Figure 10 demonstrates the relationship between the perimeter pressure σ₃, JRC, and dislocation δ and the relative permeability of the equal-permeability point K_req. From the evolution of the relative permeability of the equal-permeability point K_req with confining pressure for different fractures in Figure 10a, it can be seen that the relative permeability of their equal-permeability point decreases with the increase in the confining pressure. From the evolution of the relative permeability of the in situ closed fractures of different rocks with a joint roughness coefficient in Figure 10b, it can be seen that fractures with lower roughness have higher equal-permeability point relative permeability; i.e., the equal-permeability point relative permeability shows a negative correlation with JRC as a whole.

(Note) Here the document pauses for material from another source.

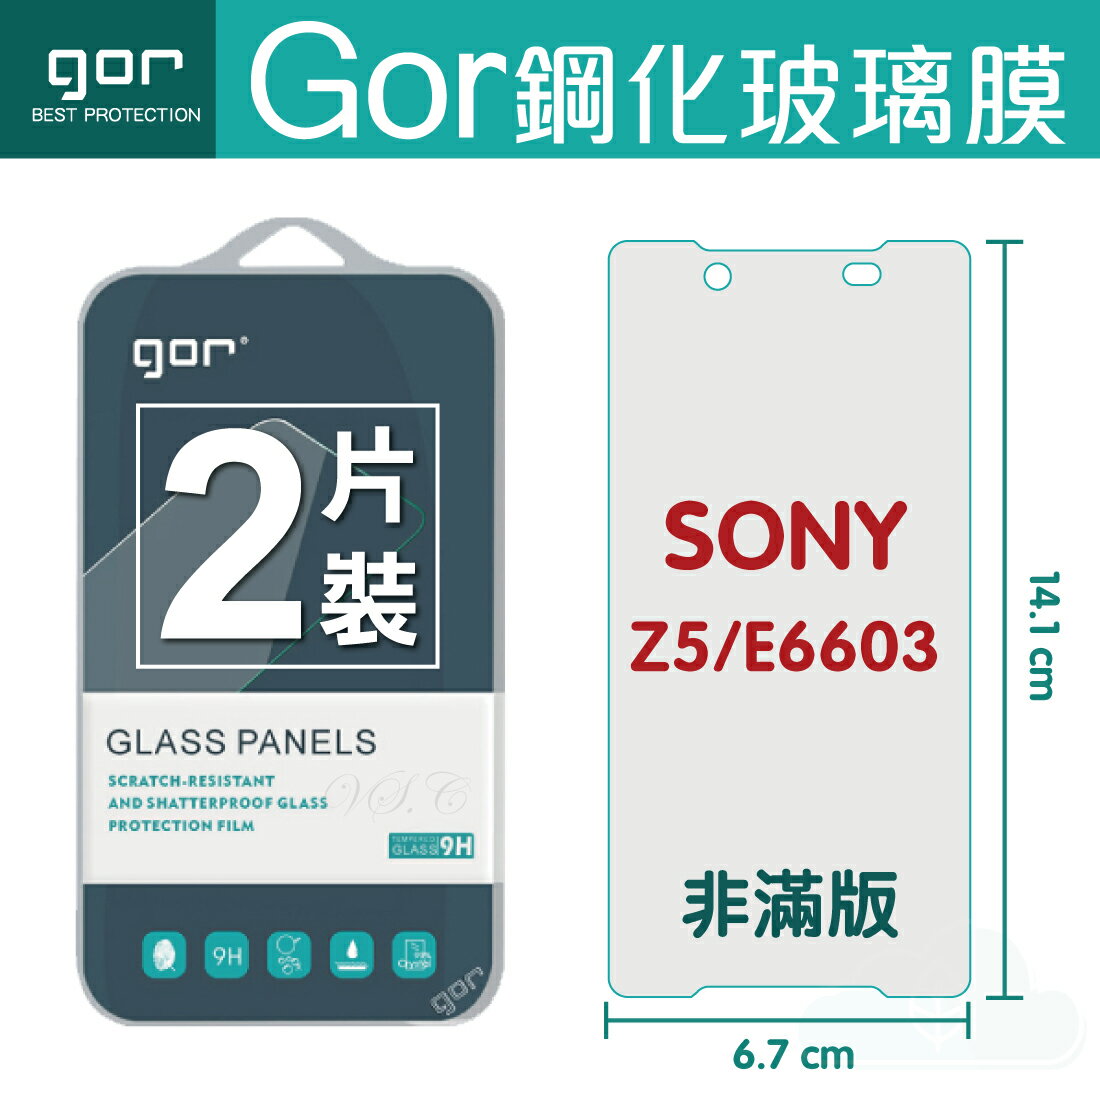 【SONY】GOR 9H Xperia Z5 (E6603) 鋼化 玻璃 保護貼 全透明非滿版 兩片裝【APP下單最高22%回饋】

In order to investigate the effect of shear on the relative permeability of the equal-permeability point of two-phase flow in the fractures, Figure 10c demonstrates the relationship between the relative permeability of the equal-permeability point K_req at a confining pressure of 3MPa under shear in sample A. It can be seen from the figure that with the increase in the confining pressure, the relative permeability of the equal-permeability point decreases, and the relative permeability of the equal-permeability point of the rock after the shear is increased; the relative permeability of the equal-permeability point the shear displacement displays a quadratic function relationship. Before and after the shear, the water-phase partition flow rate of the equal-permeability point of the rock fracture did not produce obvious changes, and its influence on the equal-permeability point is more manifest in the increase in the relative permeability of the equal-permeability point, which promotes the gas–water flow in the co-seepage area and promotes the elevation of the gas production and water production of the rock wells, which plays an important role in the reasonable prediction of gas and water production.

5. Conclusions

In this study, gas–water two-phase percolation tests were conducted through rock fracturing to investigate the two-phase fluid flow characteristics of in situ closed and shear self-supported fractures, and the test results obtained can provide guidance for related projects, with specific conclusions as follows:

(1)

With the increase in roughness, the equivalent hydraulic aperture of the fractures increased when compared with the in situ closed fractures, and the equivalent hydraulic aperture of the fractures after shear appeared to be significantly increased.

(2)

When the fractional flow of water is high, the water phase is affected by the confining pressure, and the surface topography of the fracture is significantly higher than that of the gas phase; and when the fractional flow of water is low, the water phase is affected by the confining pressure, and the surface topography of the fracture is significantly lower than that of the gas phase. The influence of confining pressure and fracture surface morphology on the water phase is lower than that on the gas phase.

(3)

The influence of dislocation on relative permeability results in a decrease in the inter-phase resistance of the fracture, which causes the relative permeability of the water phase to rise obviously after the dislocation. The relative permeability of the water phase increased significantly after the dislocation, contrasting with a smaller increase in the relative permeability of the gas phase.

(4)

Under the effect of roughness, confining pressure, and shear, the fractional flow of water at the equal-permeability point did not change significantly; the relative permeability at the equal-permeability point increased with the decrease in confining pressure and roughness; and the relative permeability at the equal-permeability point increased after shear, which indicates that shear has an important role in promoting gas–water flow in rock fractures.